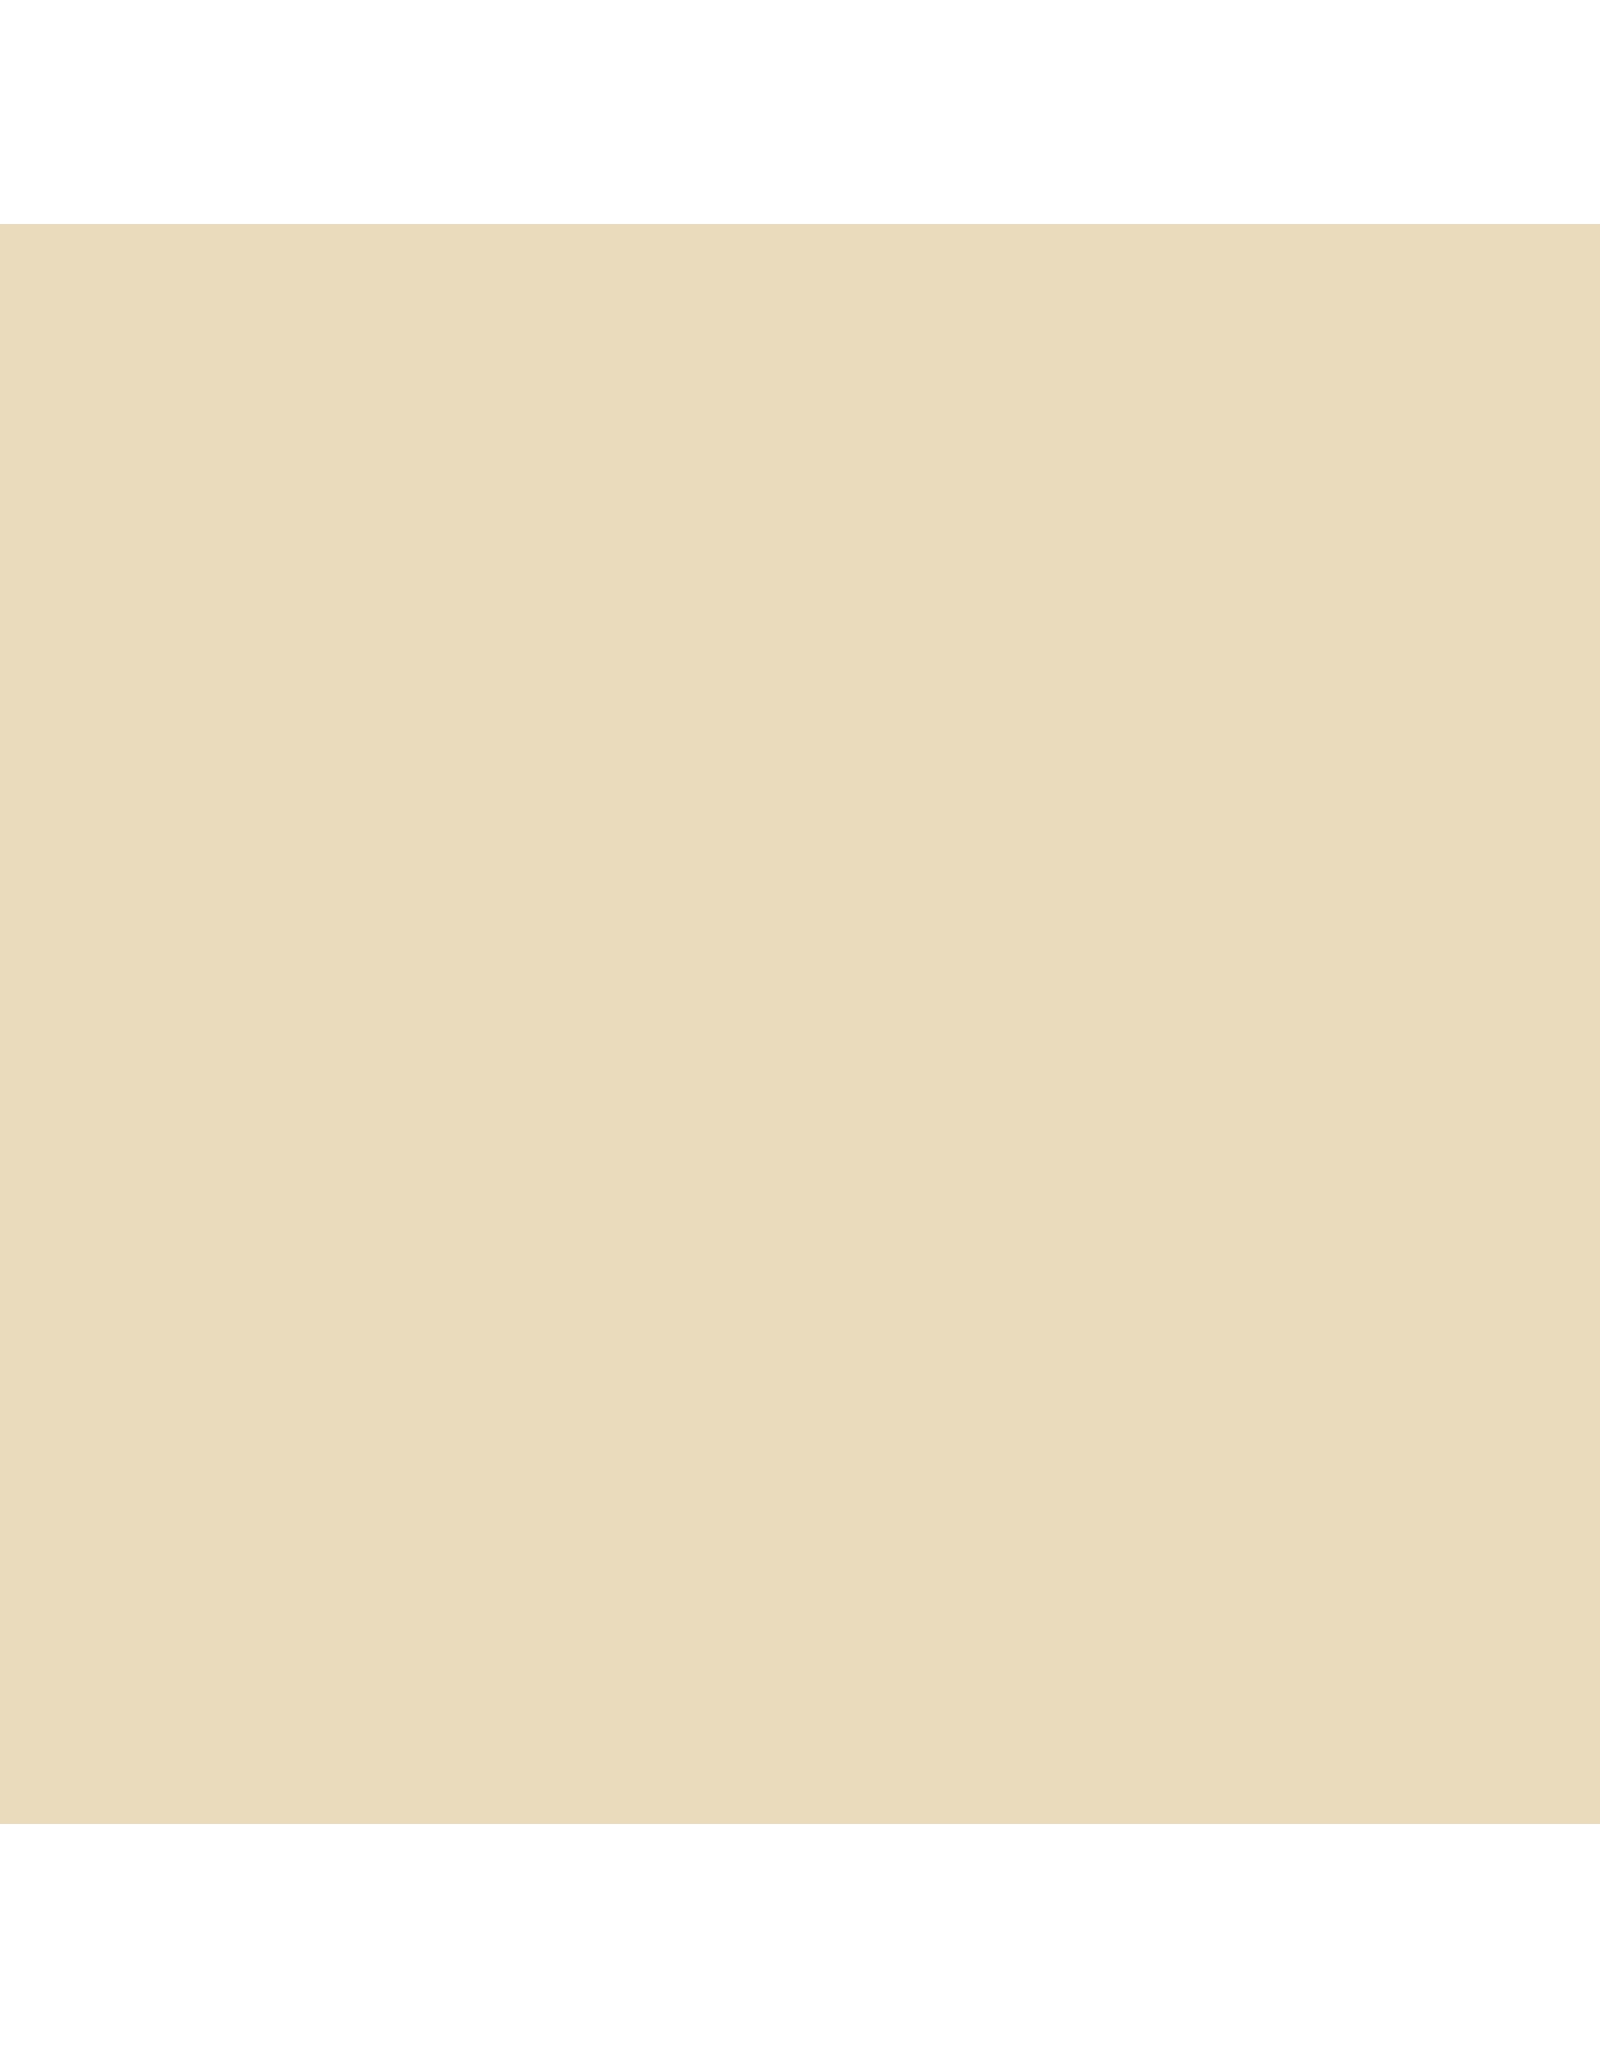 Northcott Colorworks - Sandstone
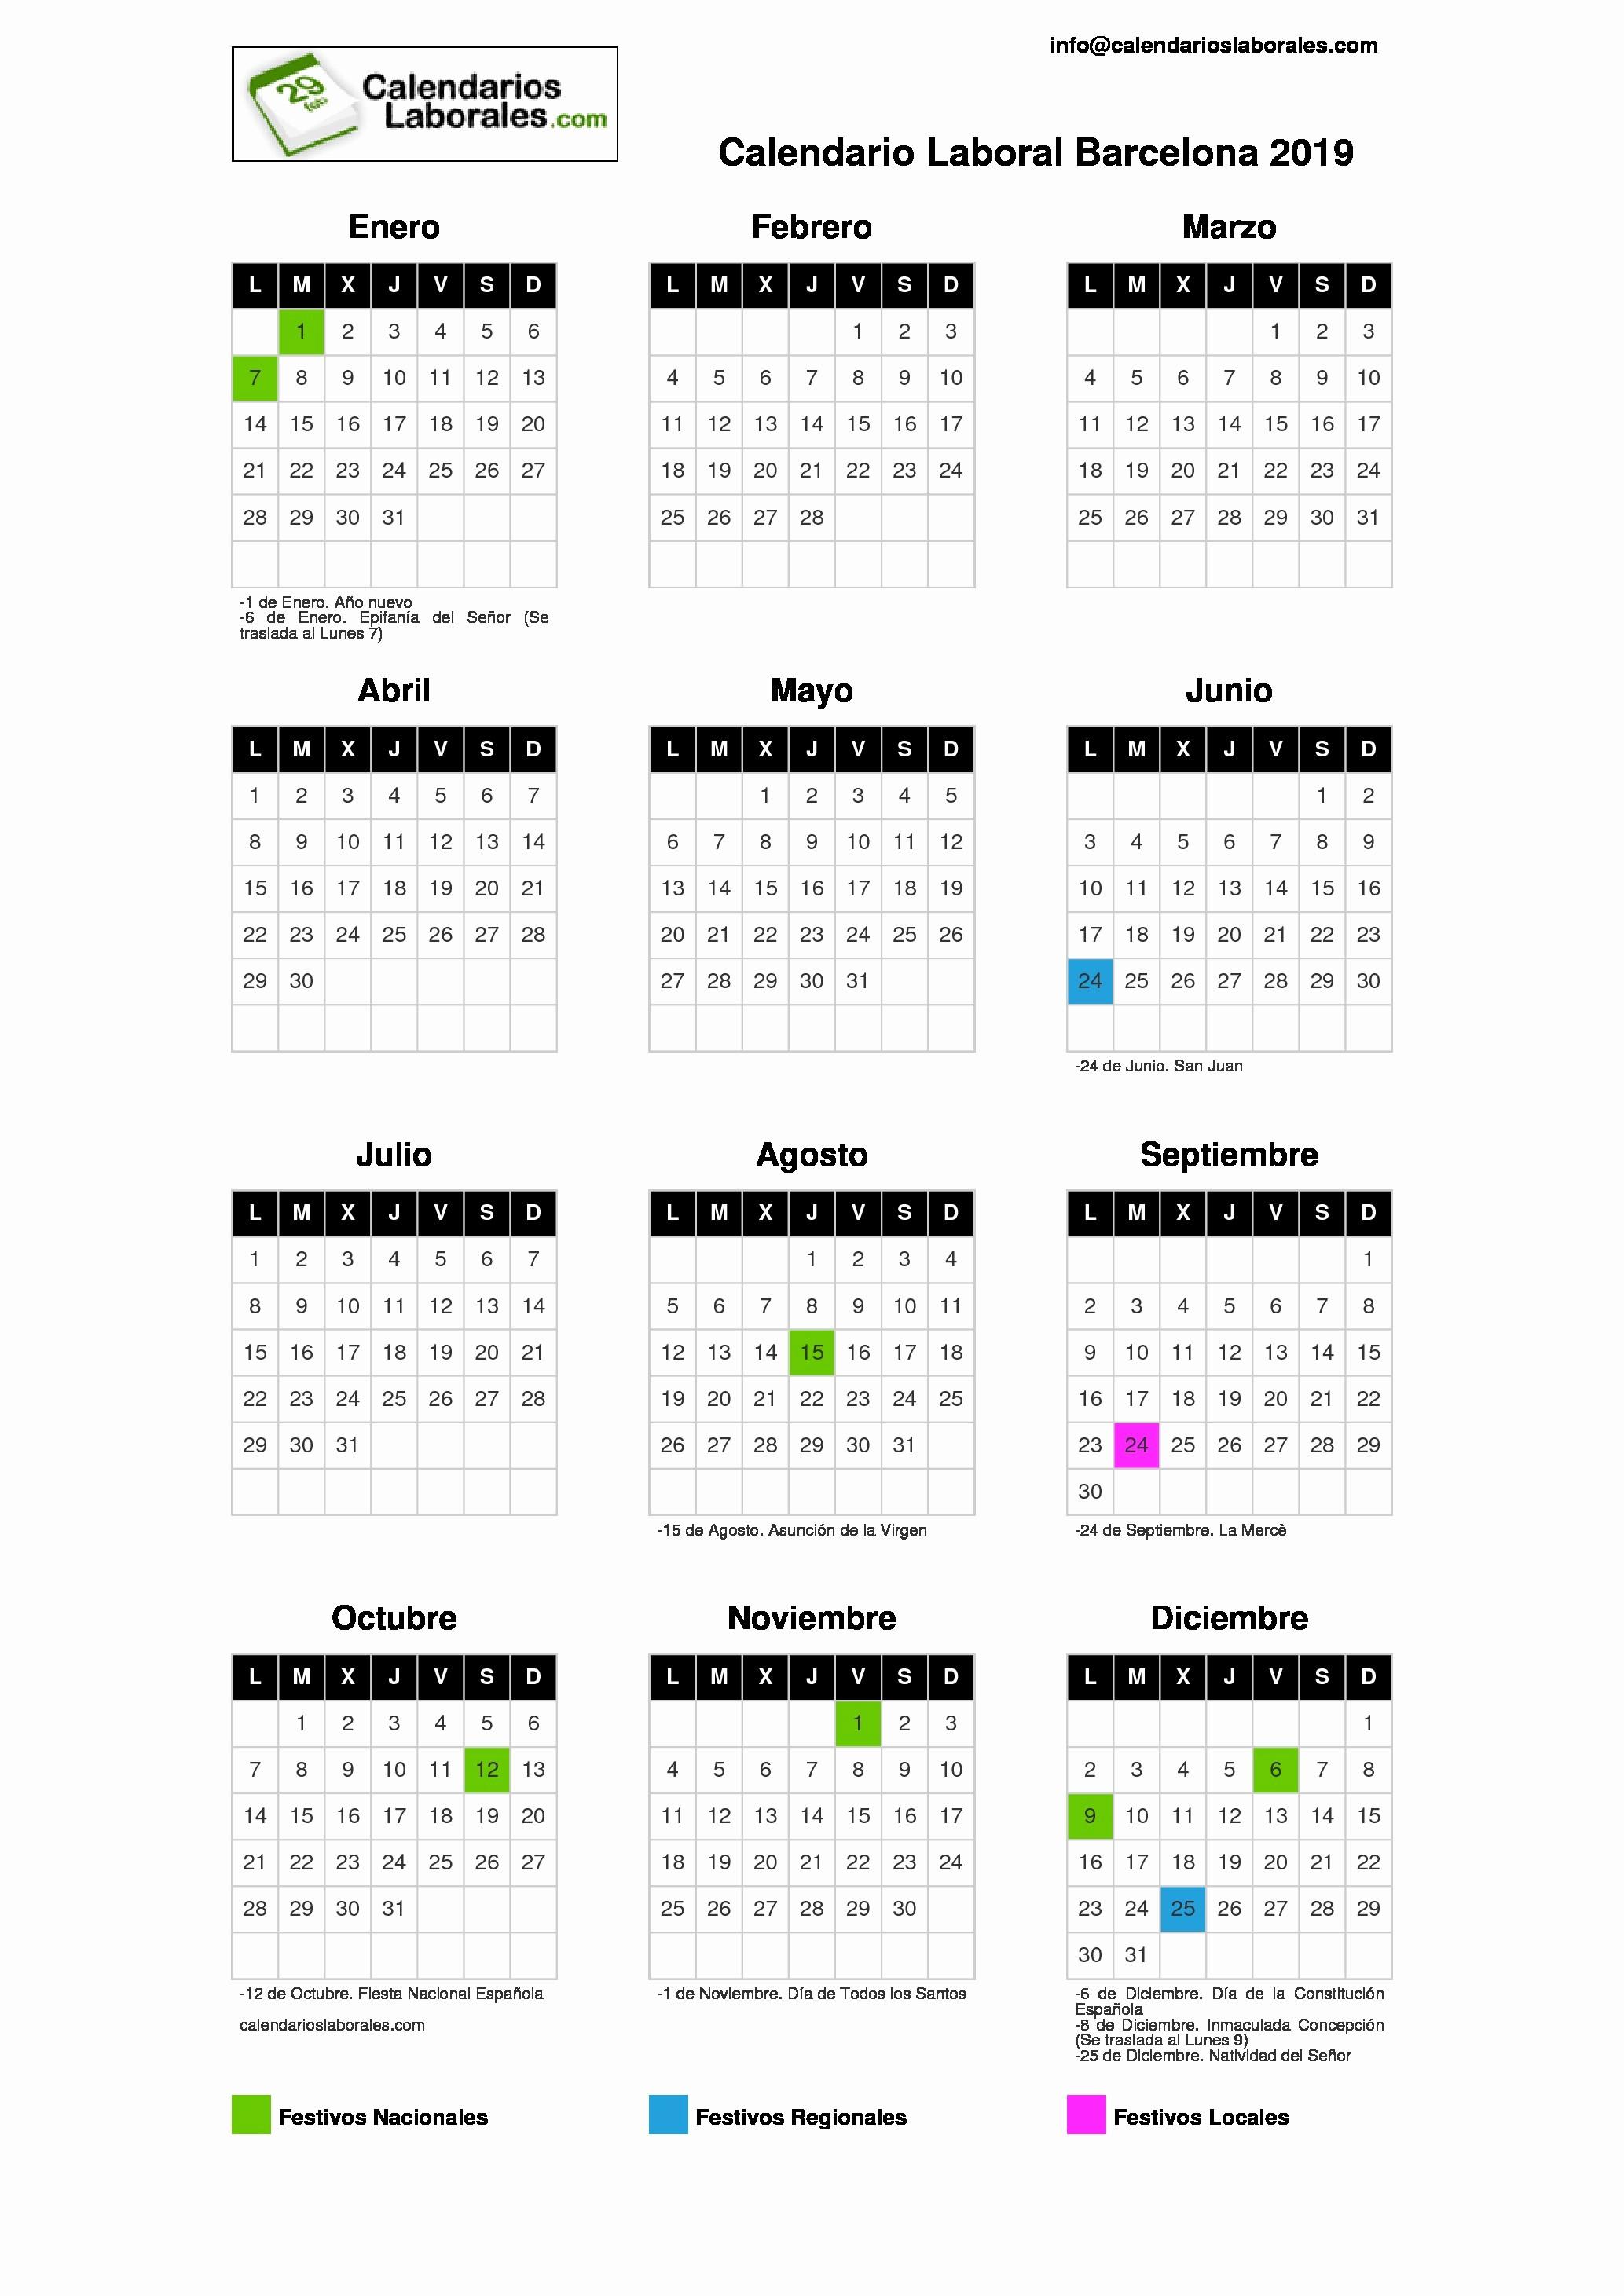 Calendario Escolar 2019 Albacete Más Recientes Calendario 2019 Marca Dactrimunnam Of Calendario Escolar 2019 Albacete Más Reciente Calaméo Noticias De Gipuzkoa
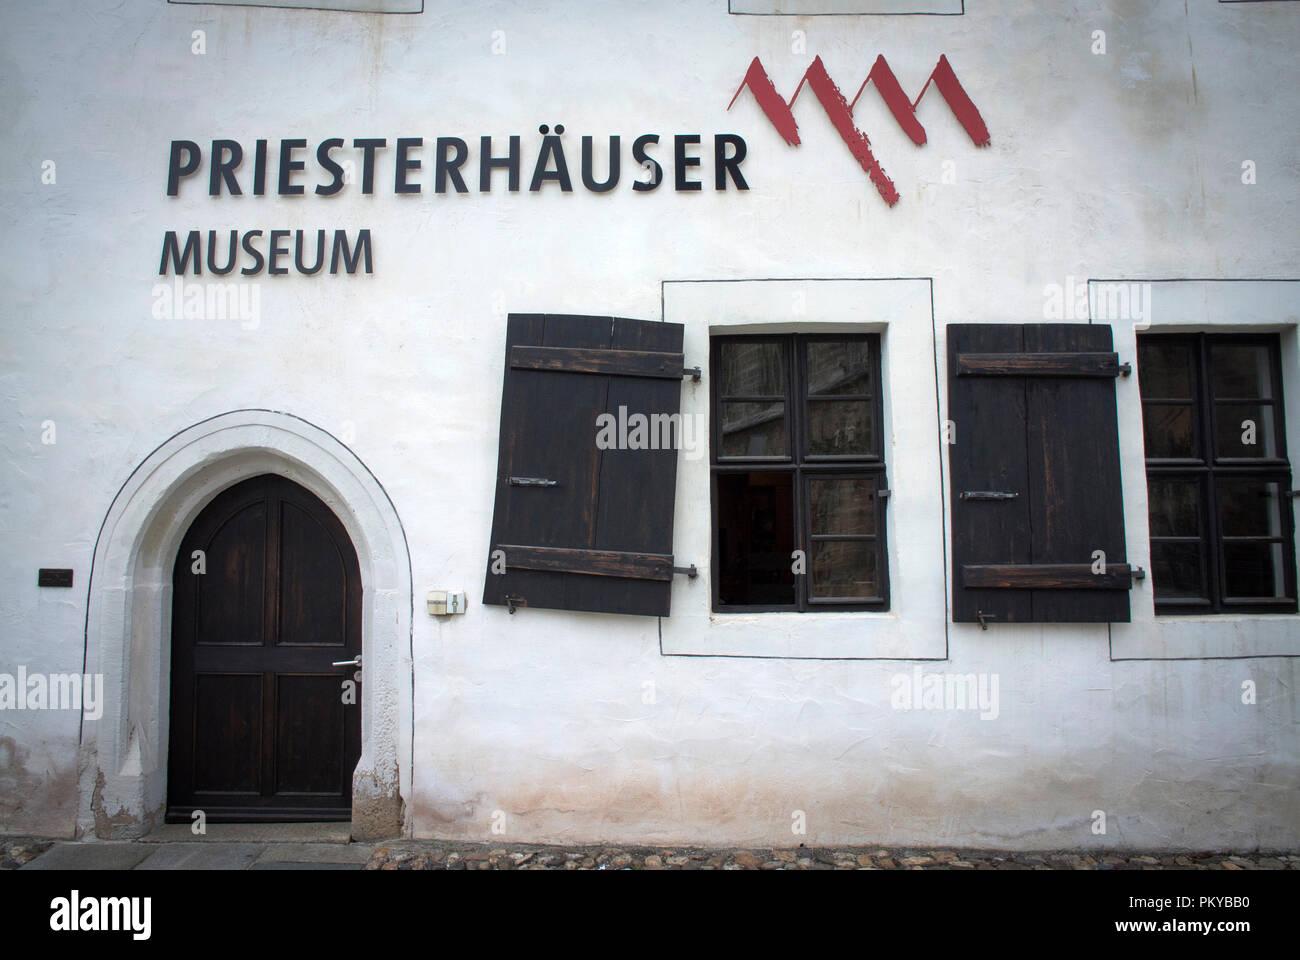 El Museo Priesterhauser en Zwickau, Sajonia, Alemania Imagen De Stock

> ASSIGNED TASK: What is needed is an exact copy of the data, without any pictures.

> RESPONSE BOX:
 Northcott Colorworks - Sandstone
 Calendario Escolar 2019 Albacete Más Recientes Calendario 2019 Marca Dactrimunnam Of Calendario Escolar 2019 Albacete Más Reciente Calaméo Noticias De Gipuzkoa
 El Museo Priesterhauser en Zwickau, Sajonia, Alemania Imagen De Stock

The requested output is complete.